Evictions: All part of the Games strategy…
As the Centre of Housing Rights and Evictions (COHRE) have shown, when a big new development is attached to a major sporting event, such as an Olympics or Commonwealth Games, people are often forced to move from their homes and relocate their businesses. The Olympic Games alone has displaced over two million of people from host cities around the world through demolitions, higher rents and gentrification (the displacement of poorer residents to make way for wealthier, higher tax-paying residents).
Whether the Games will bring benefits to an area over a short or long time is hotly disputed, but the inevitable reality is that individuals, sometimes whole communities, will be displaced to make way for new facilities. The residents of Dalmarnock (an area which has suffered from serious under-investment) are currently bearing the brunt of this process of displacement to allow Glasgow to host the 2014 Commonwealth Games.
Recently, a Compulsory Purchase Order (CPO) was served by Glasgow City Council on remaining properties (not already in Council ownership) which are earmarked for demolition to make way for the building of the Athlete’s Village. This includes properties in Ardenlea Street and a number of shops in Springfield Road. The story of the Jaconelli family who live in Ardenlea Street, indicates the Council’s lack of consideration for local people as pressure mounts to keep the Games on budget and on schedule.
Before a CPO is served, the Council are required to ‘negotiate’ with property owners and come to a just and reasonable compensation for their property.
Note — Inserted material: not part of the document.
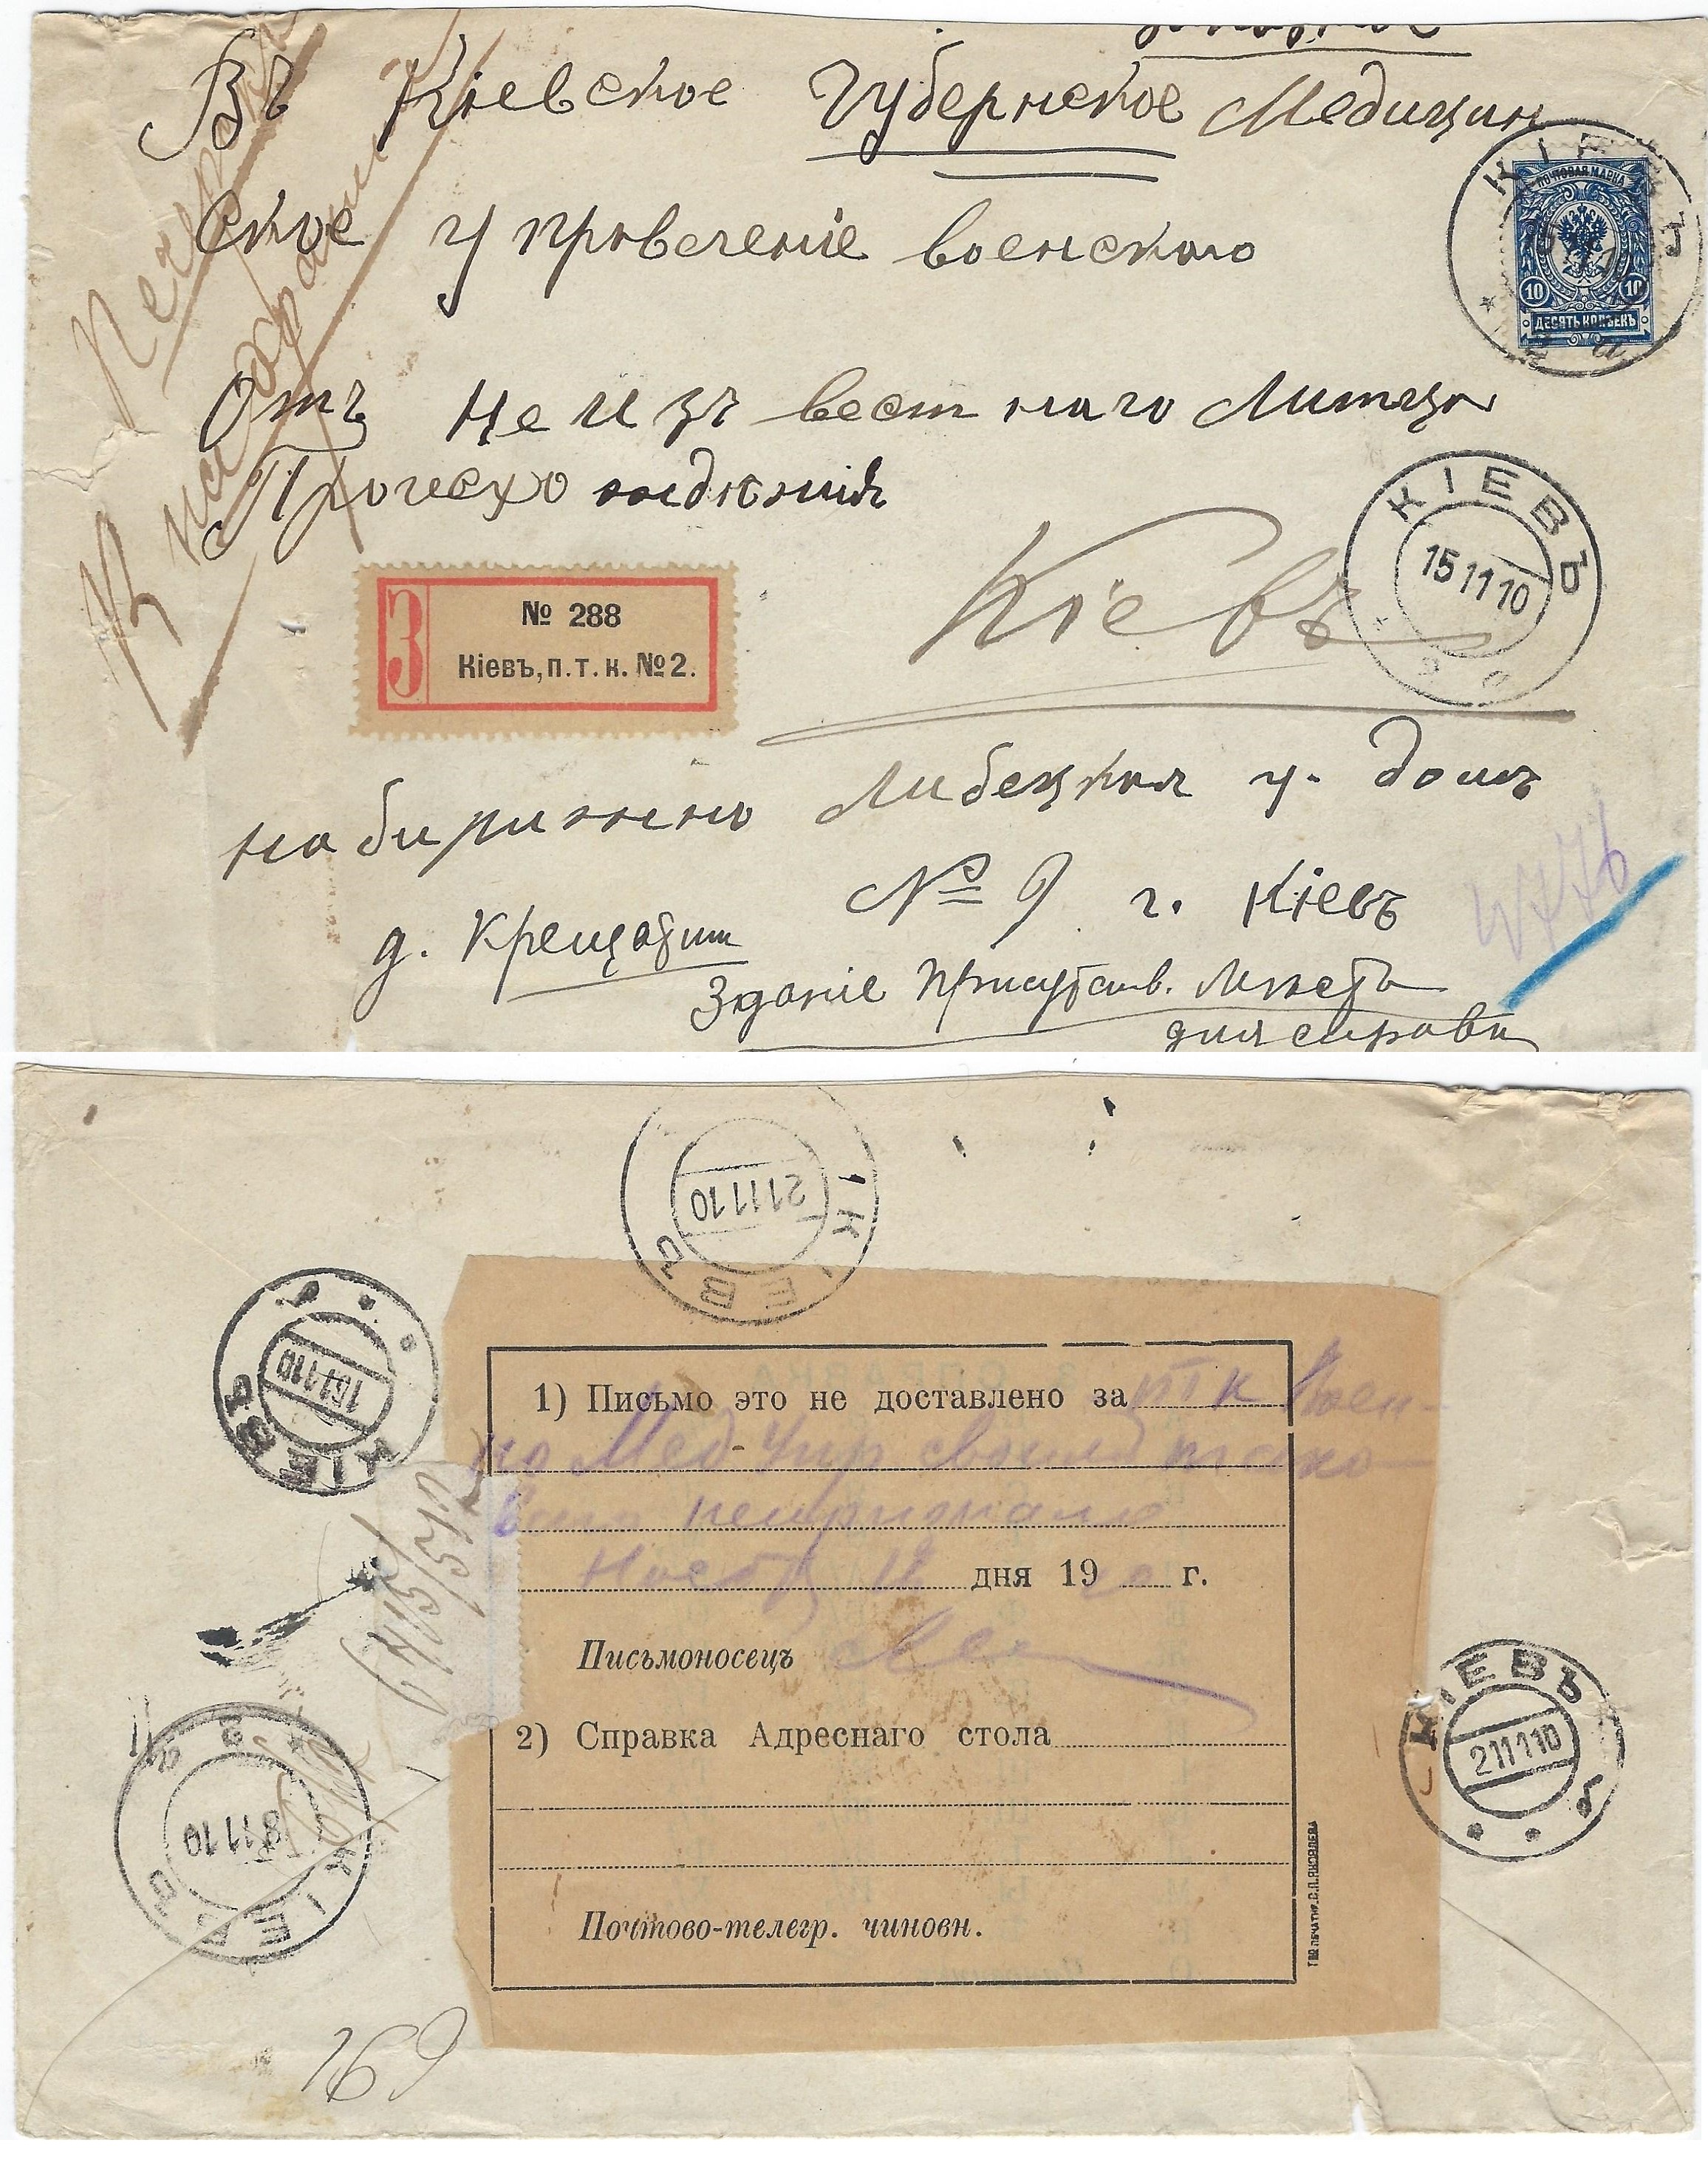 Russia Postal History - Postal Documents, Receipts Scott 1910

In the case of Mrs Margaret Jaconelli and her family, who are long-time residents of Ardenlea Street, this has not been the case. As she watches the land across the road from her be sold for millions of pounds per hectare, Mrs Jaconelli is still waiting for a reasonable offer for her property from the Council, and for a proper negotiation to take place. She and her family have been the only occupiers of the last remaining tenement building in Ardenlea Street for the past 6 years. The winters are cold and damp with empty flats all around, and the family are unable to take a holiday for fear of leaving it vacant.
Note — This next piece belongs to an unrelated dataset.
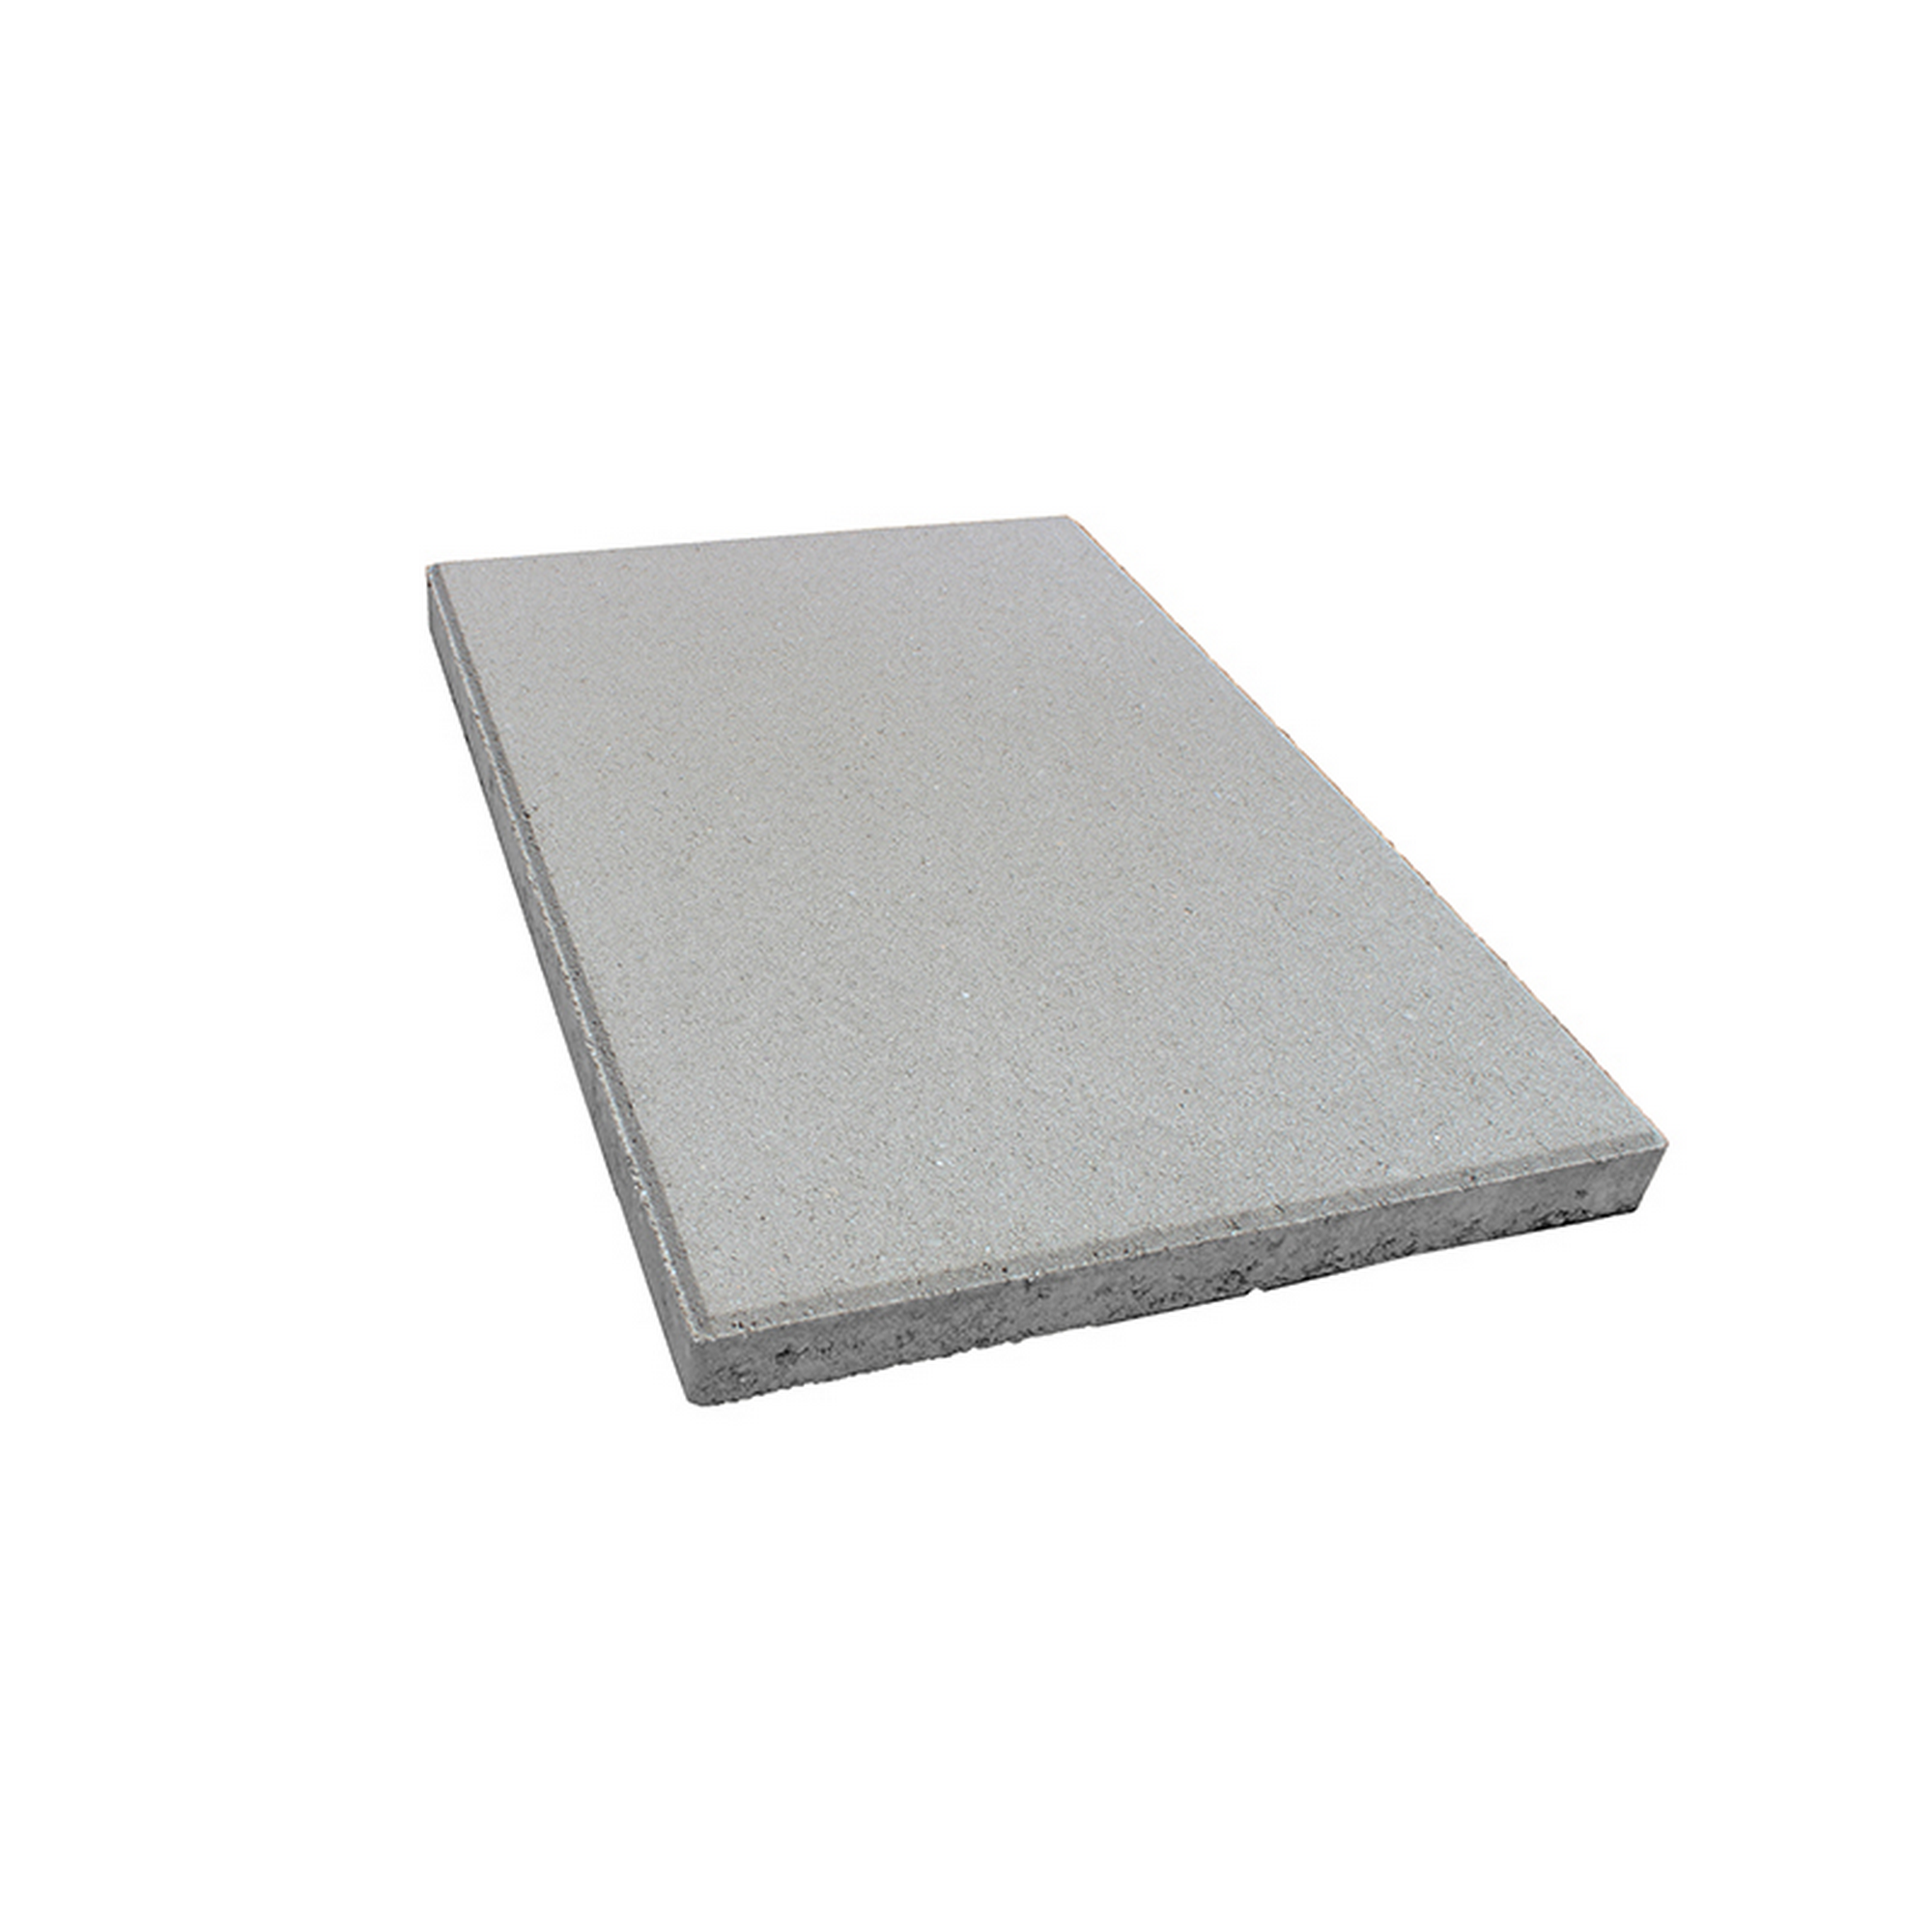 Betonplatte grau 60 x 40 x 4 cm

Mrs Jaconelli and her family remain, not because they want to, but because the Council has failed to provide a proper offer of compensation. They would much prefer to have been settled in a new home, and for all the uncertainty to be over. Many of the businesses around the corner in Springfield Road are facing the same problem, with long delays in compensation forthcoming and the prospect of a legal battle ahead to achieve some kind of justice. The Council have not replied to the various letters of objection to the CPO for the Athlete’s Village site and it is difficult to say when Mrs Jaconelli and others affected by the CPO will be able to get on with their lives. Meanwhile, they have to live in a derelict area which is deteriorating day by day. It’s time the Council played fair, and gave these residents what’s due to them.